Fig. 19 (a) Number of acid sites on Zr-T and Zr-M. (b) Evolution process of ROS and photocatalytic NO oxidation process over Zr-M.²⁷ Reproduced from ref. 27 with permission from the American Chemical Society, Copyright 2023. (c) Energy level diagram arrangement of ZnO prepared from different precursors and calcination temperatures. (d) Photocatalytic mechanism of ZnO with mixed exposure of {101(−)1} and {0002} planes.¹⁴³ Reproduced from ref. 143 with permission from Elsevier, Copyright 2022.

Numerous facet-dependent photocatalysts also have been designed to optimize the band structure and surface electronic structure, which can adjust the adsorption and activation of reactants on the active sites and the behavior of carrier dynamics for achieving photocatalytic NO deep oxidation. The ZnO crystal with mixed exposure of {101(−)1} and {0002} planes exhibited a superior photocatalytic performance to that with exposed {0002} facets for NO removal. The nanocrystals with predominant {0002} crystal plane led to a shrinkage in band structure, and thus the low valence band position and poor affinity for NO decreased the NO removal efficiency and selectivity for NO₃⁻ production (Fig. 19c and d).¹⁴³ SrBi₂Ta₂O₉ with a higher {200} crystal plane exposure ratio showed higher photocatalytic NO deep oxidation activity compared to {001}-BiO and {001}-TaO facets.¹⁴⁴ The promoted conversion of NO into NO₃⁻ was attributed to the greater exposure of {200} planes, which (1) facilitated the adsorption of NO; (2) endowed electron-enriching ability between the two types of the {001} layers to induce polarized electro-field for charge separation; and (3) provided more active sites for the formation for ˙O₂⁻.

Crystal structure control of Bi-based photocatalysts has been widely employed, and photocatalytic NO deep oxidation has also been reported.^145–149 The different exposed facets of Bi-based photocatalysts can provide various activate sites for the adsorption of reactants, which have an effect on ROS formation and the subsequent NO oxidation reaction.
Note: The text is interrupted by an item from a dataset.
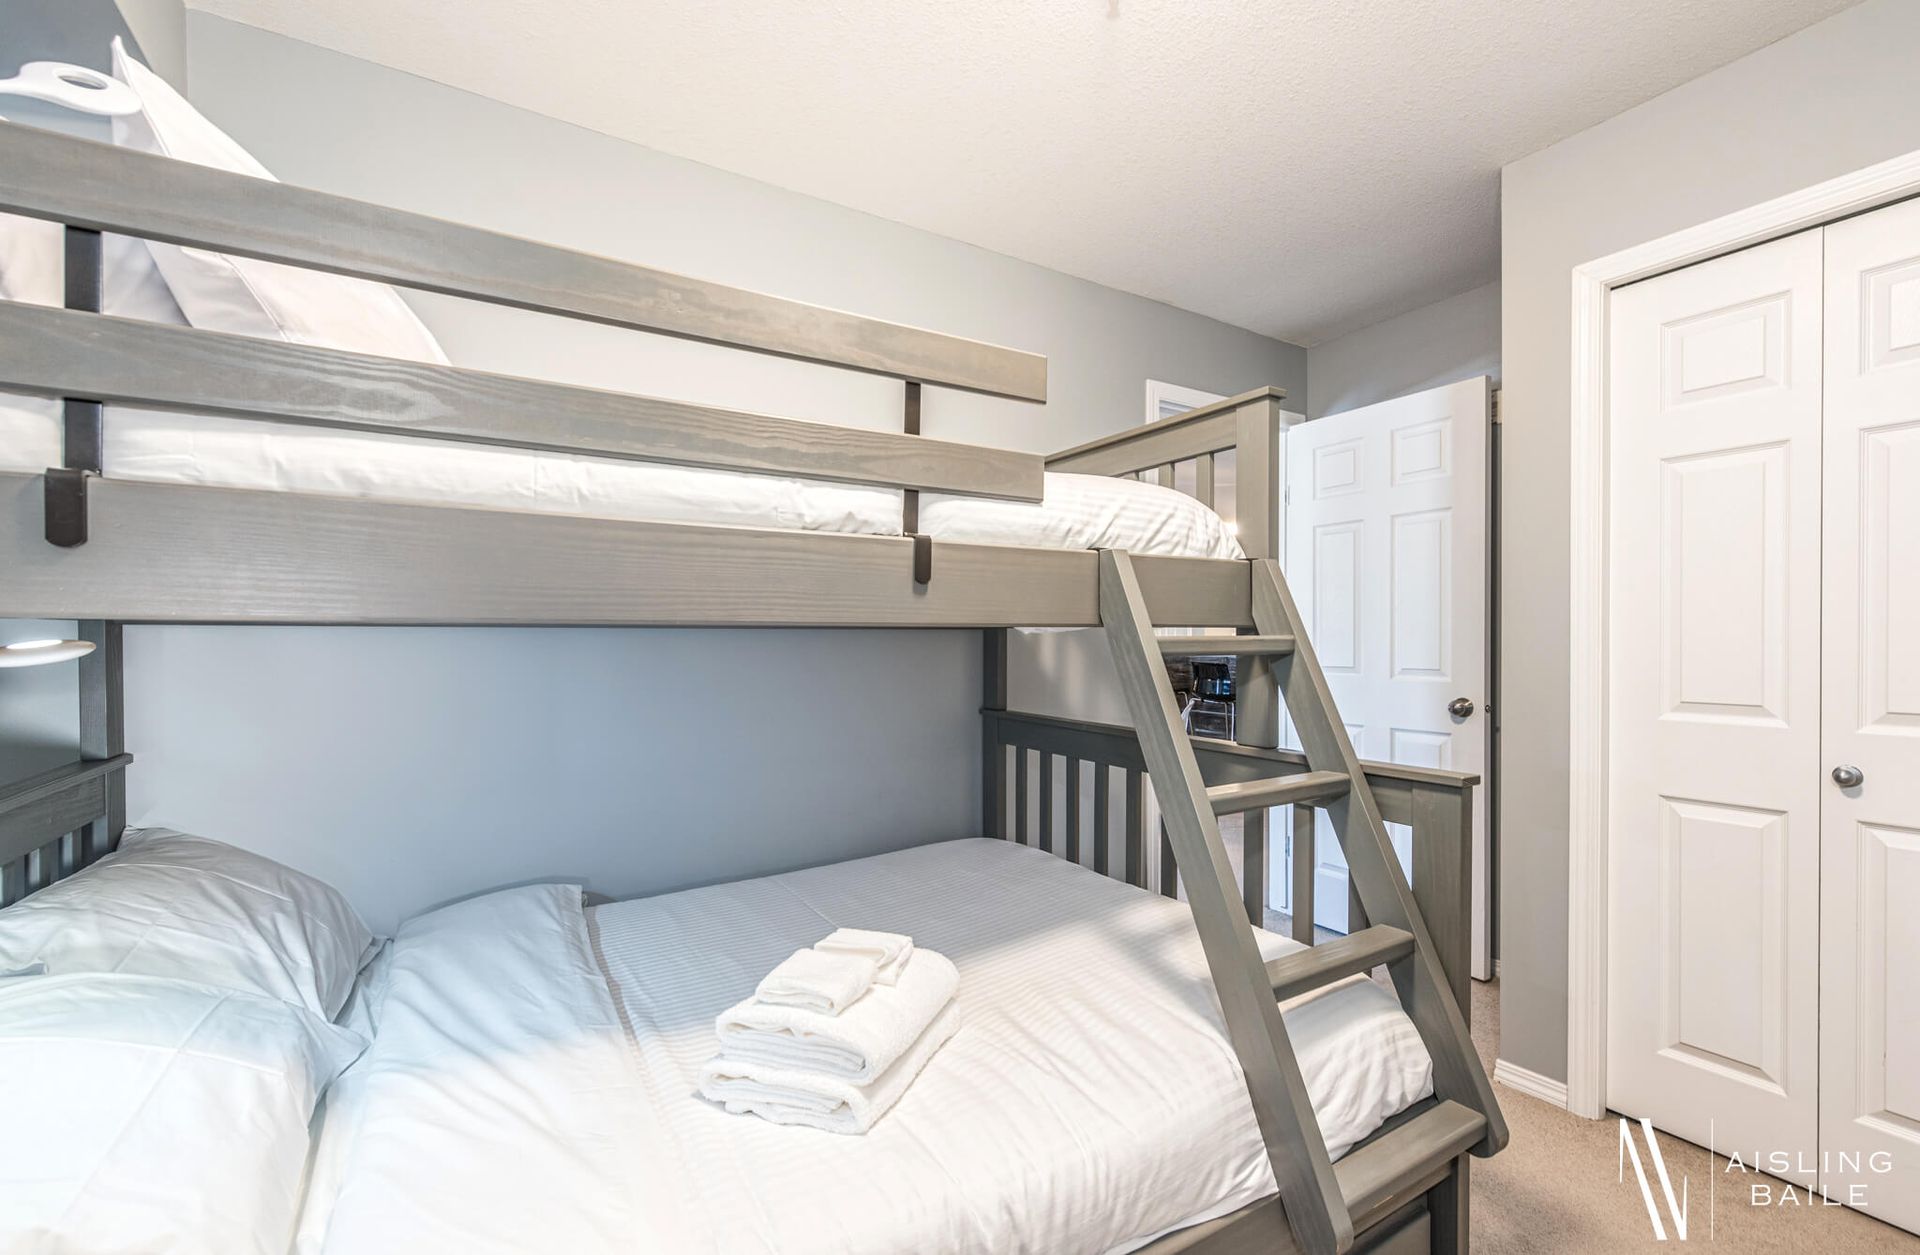 Second bedroom with a single-over-double bunk bed with the Trendy condo at Lake Windermere Pointe in Invermere, a BC Vacation Rental hosted by Aisling Baile Property Management.
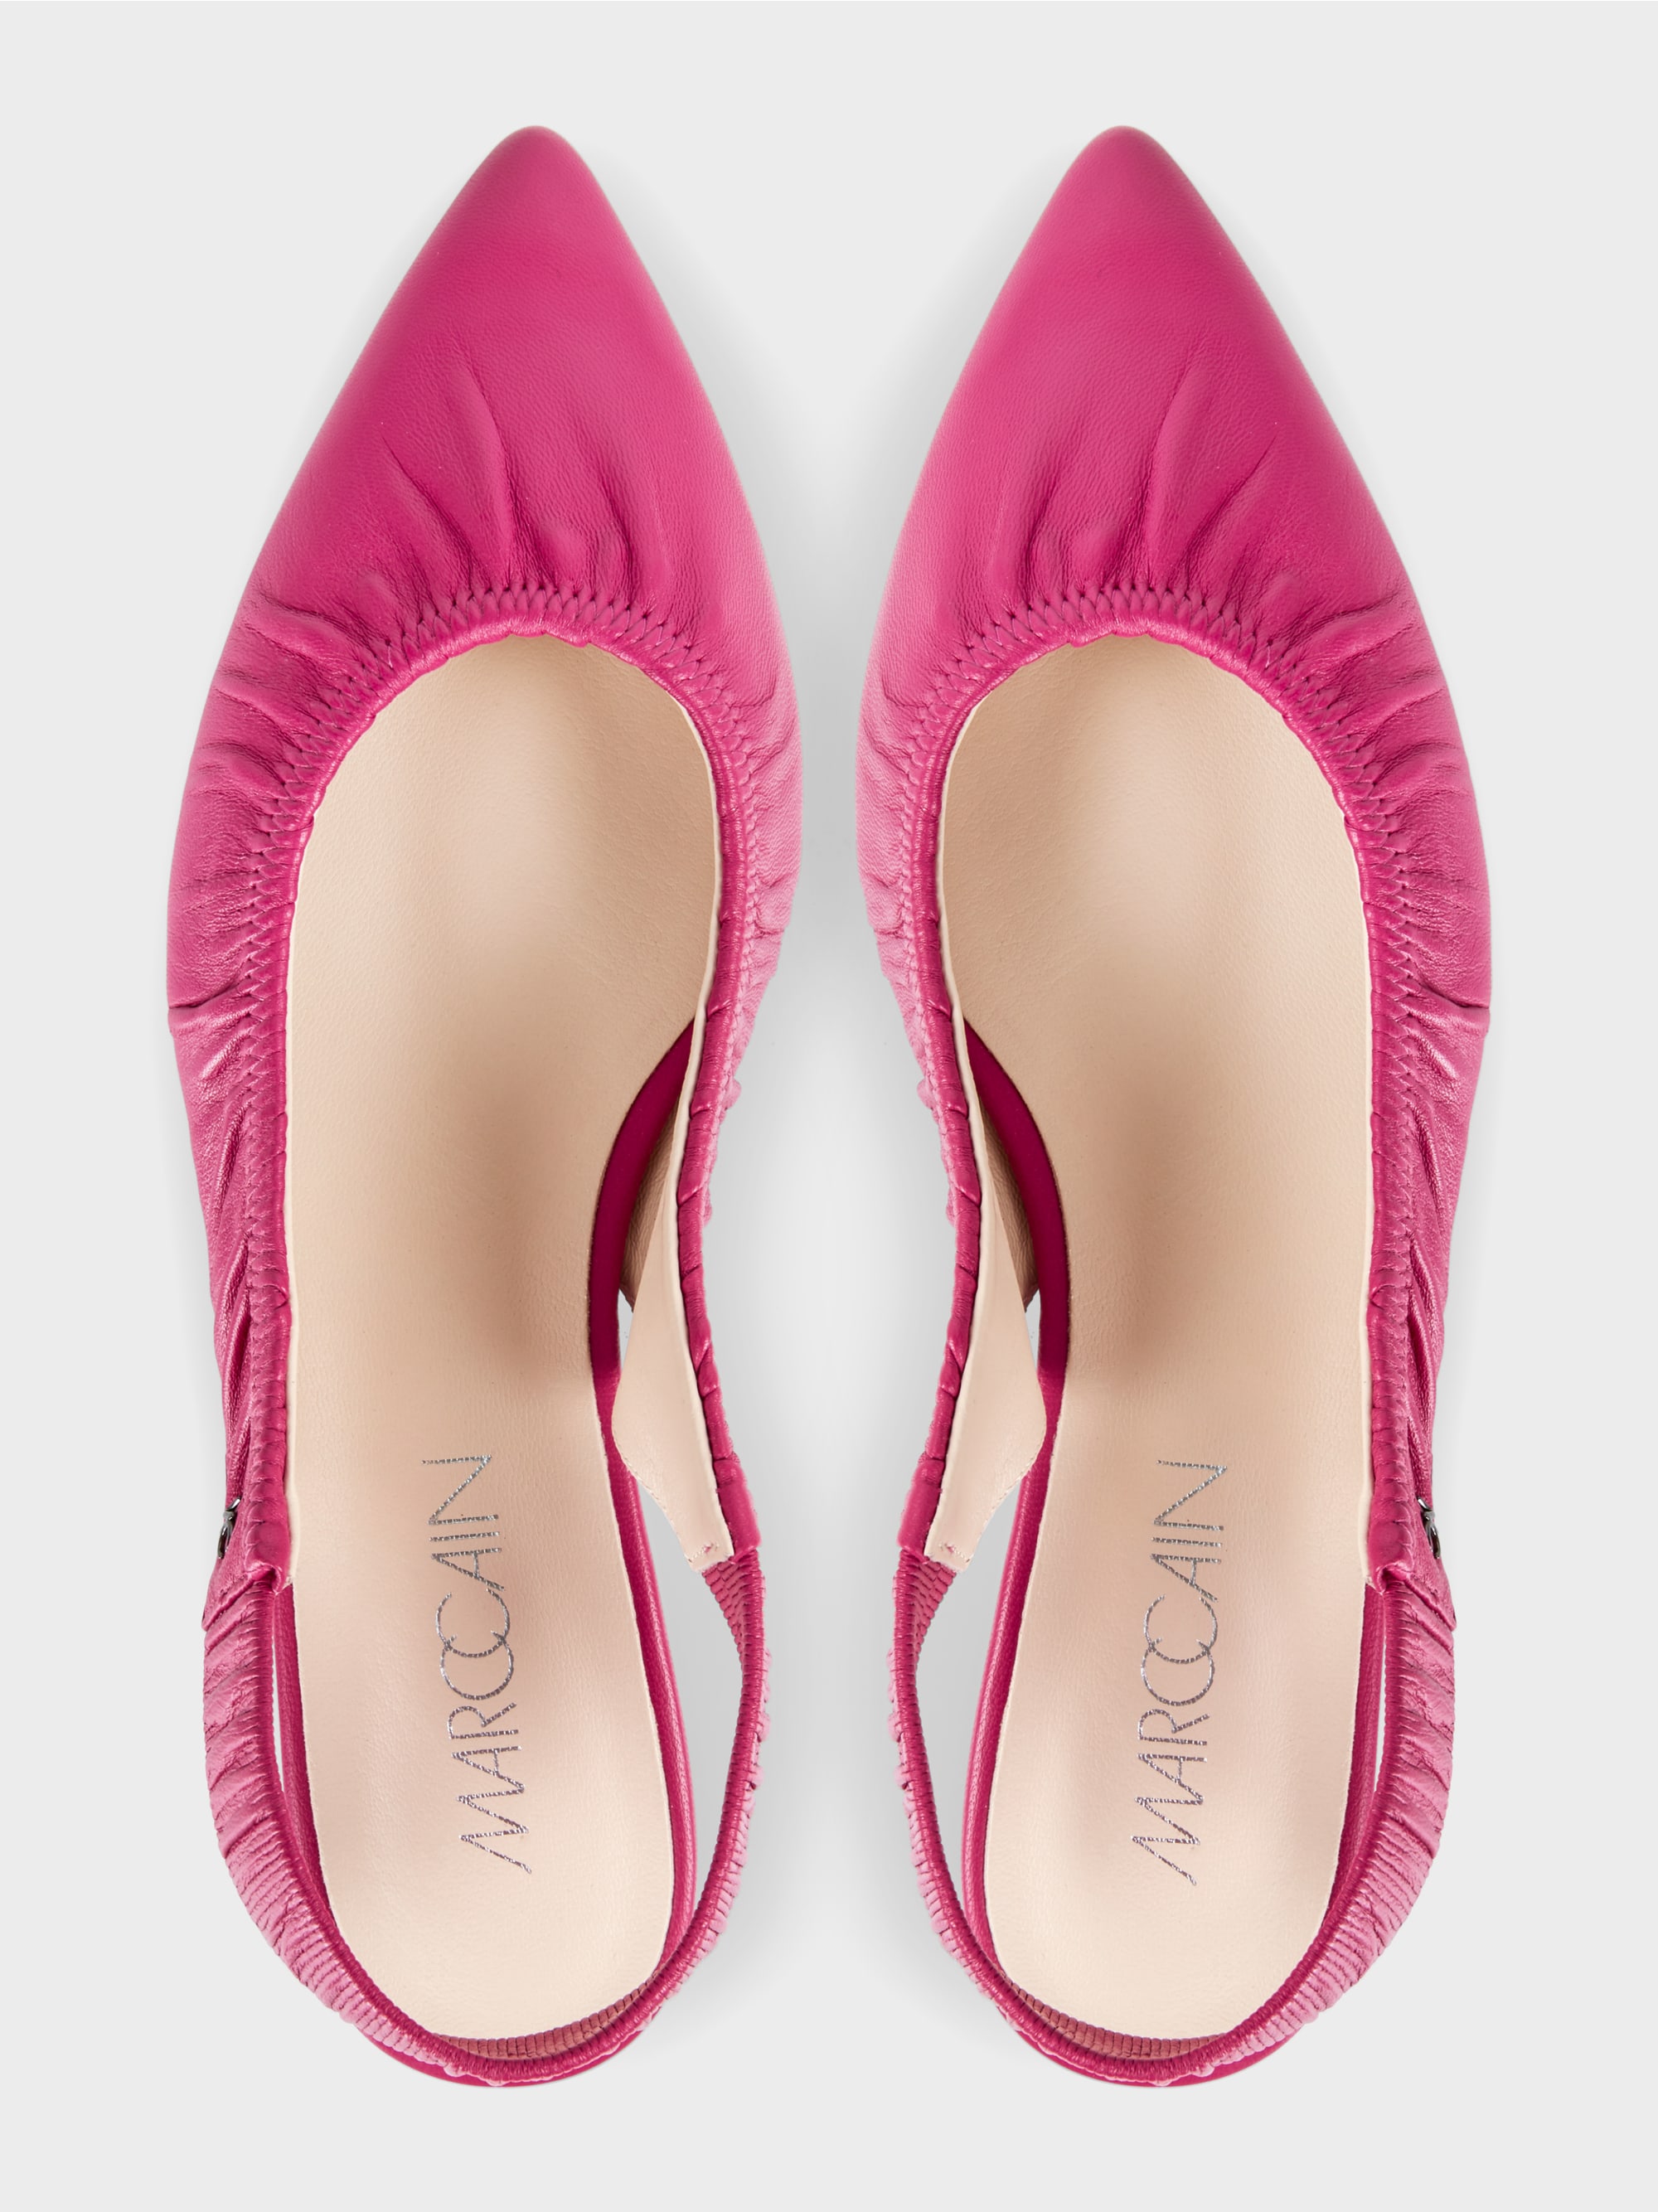 Marc Cain Bright Pink Leather Pump Sandals

Bi₂O₂CO₃ with {001} facets (001-BOC) exhibited much higher photocatalytic activity than that with {110} facets (110-BOC) given that the different adsorption and activation patterns directed the conversion pathway of NO deep oxidation.¹⁴⁵ In combination with time-dependent in situ DRIFTS spectra and DFT calculation results, 001-BOC enabled the transformation of NO into NO⁻ or cis-N₂O₂²⁻, while 110-BOC induced NO to be activated into NO⁺ or N₂O₃ during the adsorption and activation process, which is conductive to the subsequent oxidation of the intermediates to the final products (NO₃⁻) and the desorption of NO₃⁻ on 001-BOC (Fig. 20a). Li et al. fabricated BiOCl with tailored crystal planes, where efficient ROS generation and smoother NO conversion on the {010} facet-exposed BiOCl promoted the complete oxidation of NO.¹⁴⁶ Specifically, in comparison with the {001} facet-exposed BiOCl (BOC-001), the alternating distribution of [Bi₂O₂]²⁺ and Cl⁻ on the {010} facet of BiOCl (BOC-010) not only promoted H₂O₂ dissociation, which is the rate-determining step of ˙O₂⁻ generation (˙OH → H₂O₂ → ˙O₂⁻), but also decreased the activation energies of NO₂ to suppress NO₂ accumulation on the photocatalyst (Fig. 20b–d).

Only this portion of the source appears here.